Data listing:
════════════════════

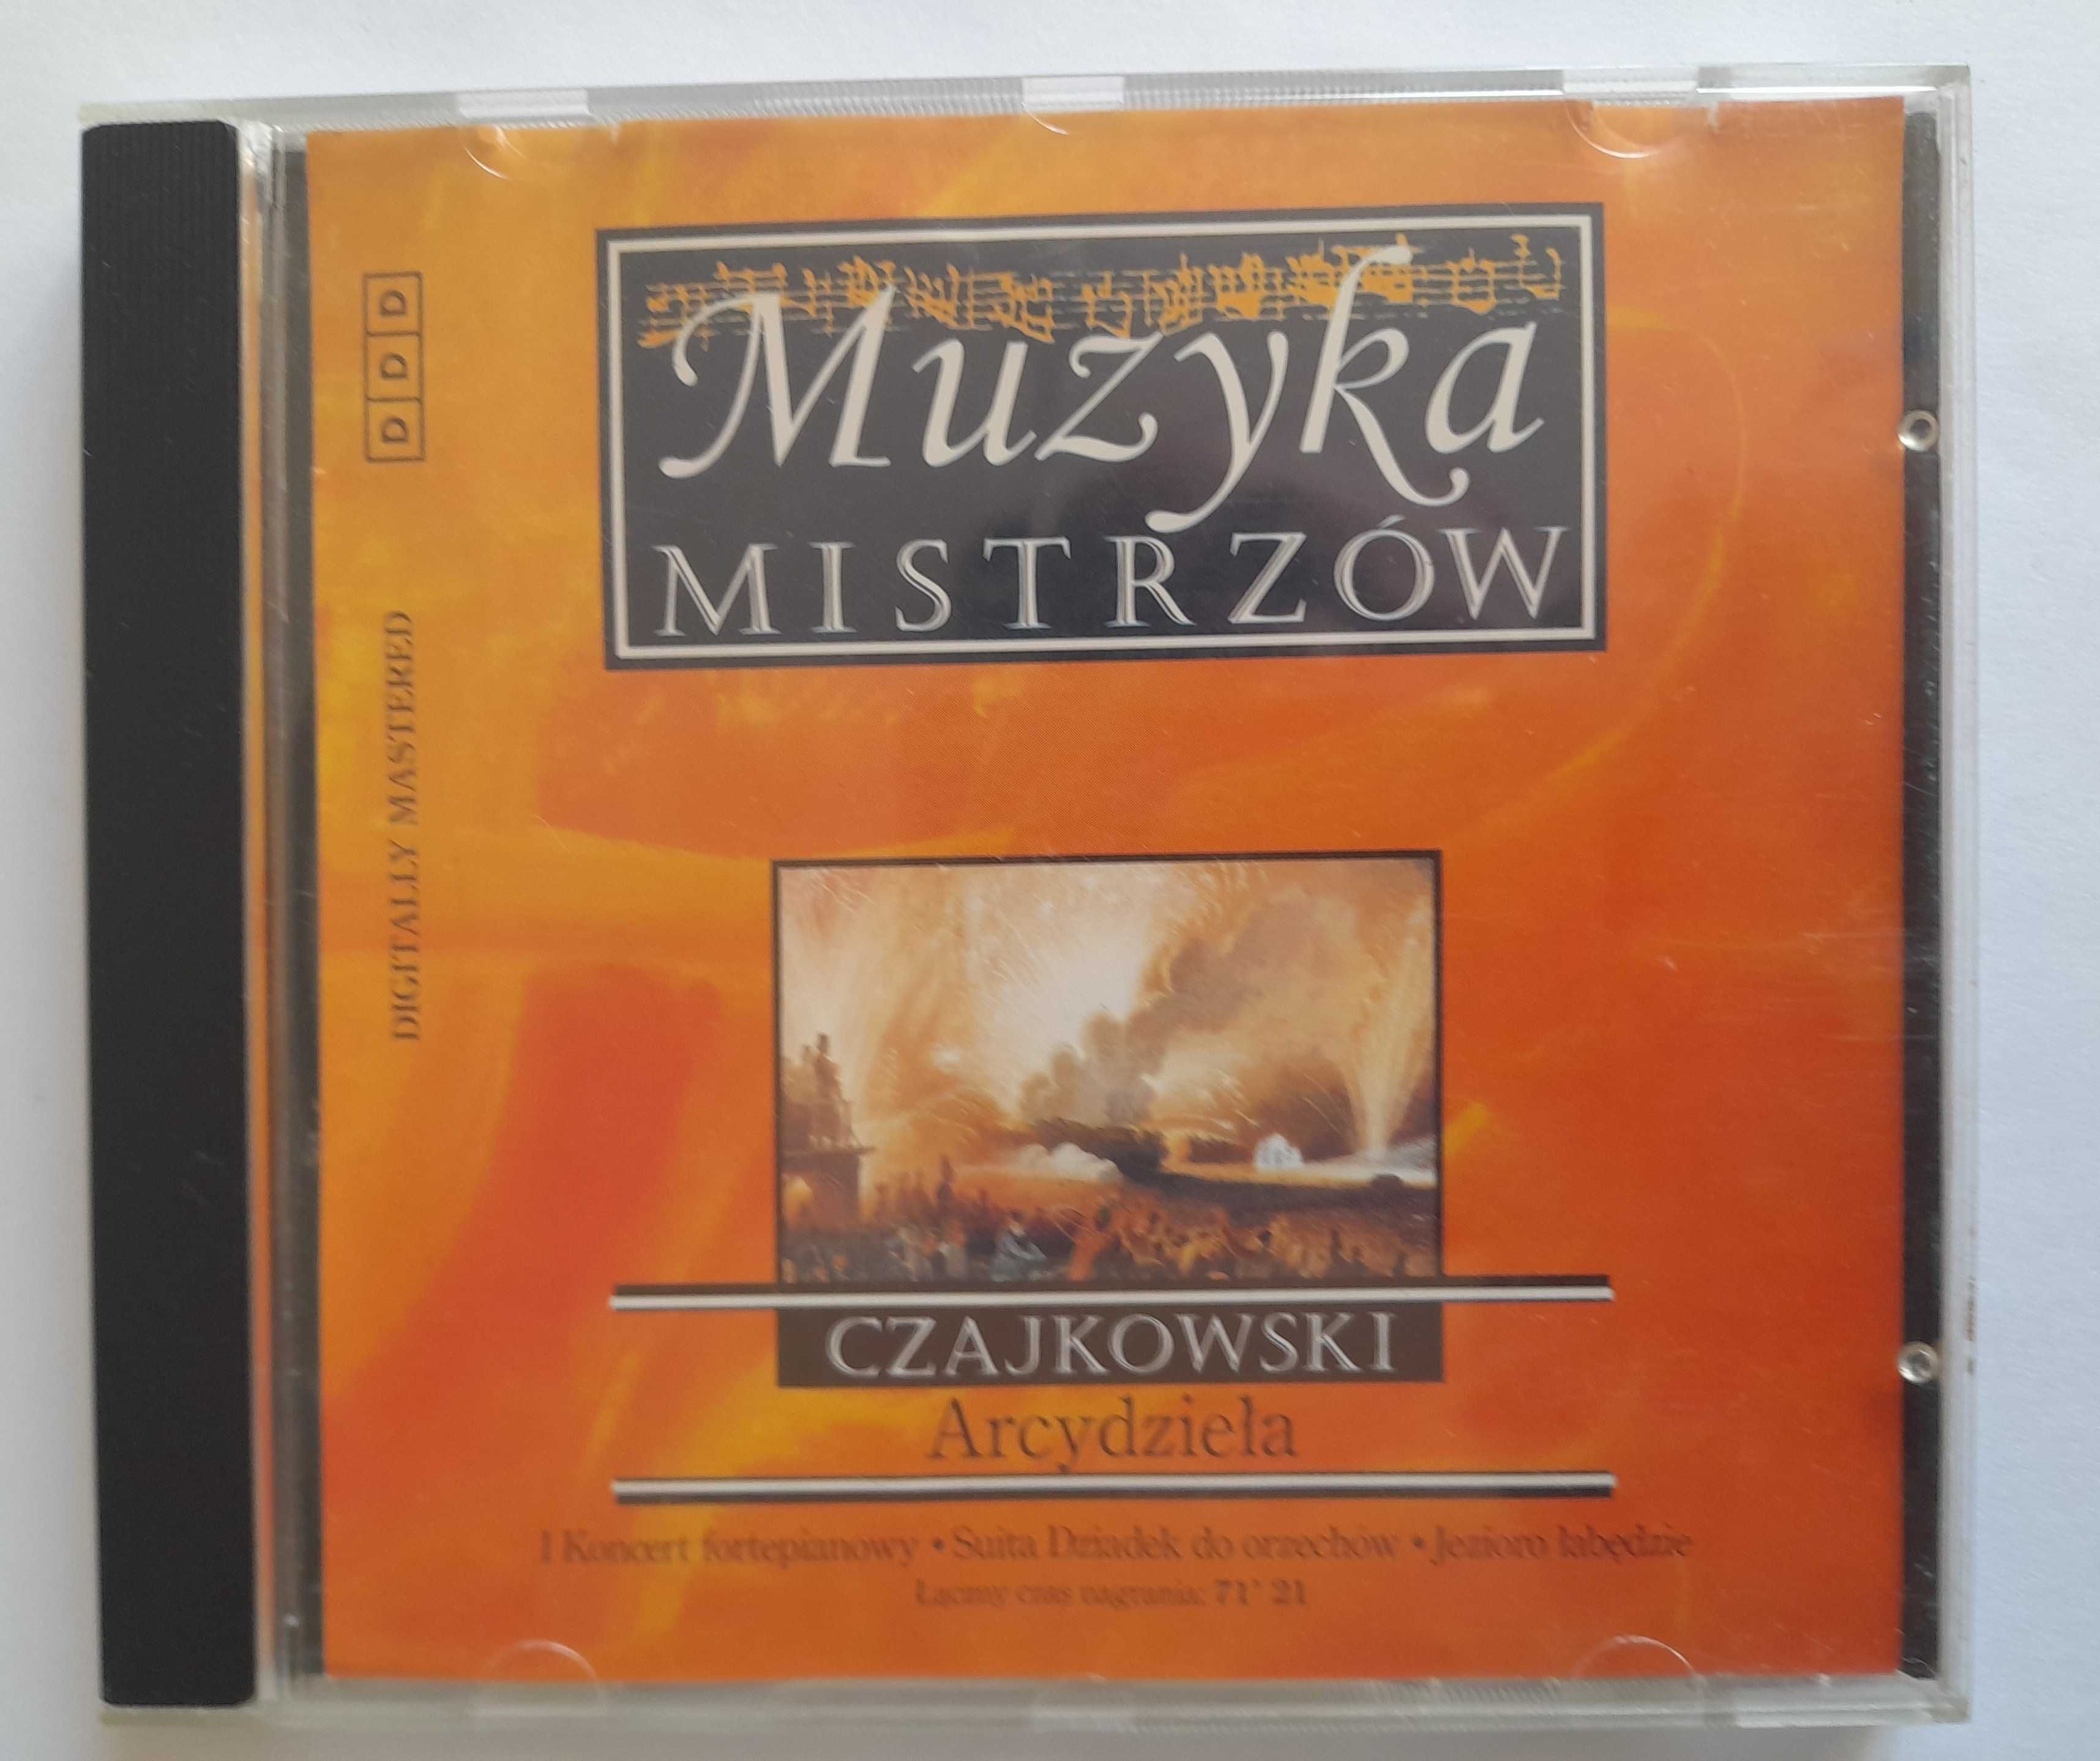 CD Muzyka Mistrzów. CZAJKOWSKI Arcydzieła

════════════════════

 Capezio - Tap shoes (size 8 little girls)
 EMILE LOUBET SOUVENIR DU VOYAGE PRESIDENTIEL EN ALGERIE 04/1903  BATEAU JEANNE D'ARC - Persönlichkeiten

════════════════════

Your assignment:
Starting with the line above that holds "Capezio - Tap shoes (size 8 little girls)" and stopping with the line that holds "EMILE LOUBET SOUVENIR", reproduce each line exactly, omitting all other lines.

Reply:
 Capezio - Tap shoes (size 8 little girls)
 EMILE LOUBET SOUVENIR DU VOYAGE PRESIDENTIEL EN ALGERIE 04/1903  BATEAU JEANNE D'ARC - Persönlichkeiten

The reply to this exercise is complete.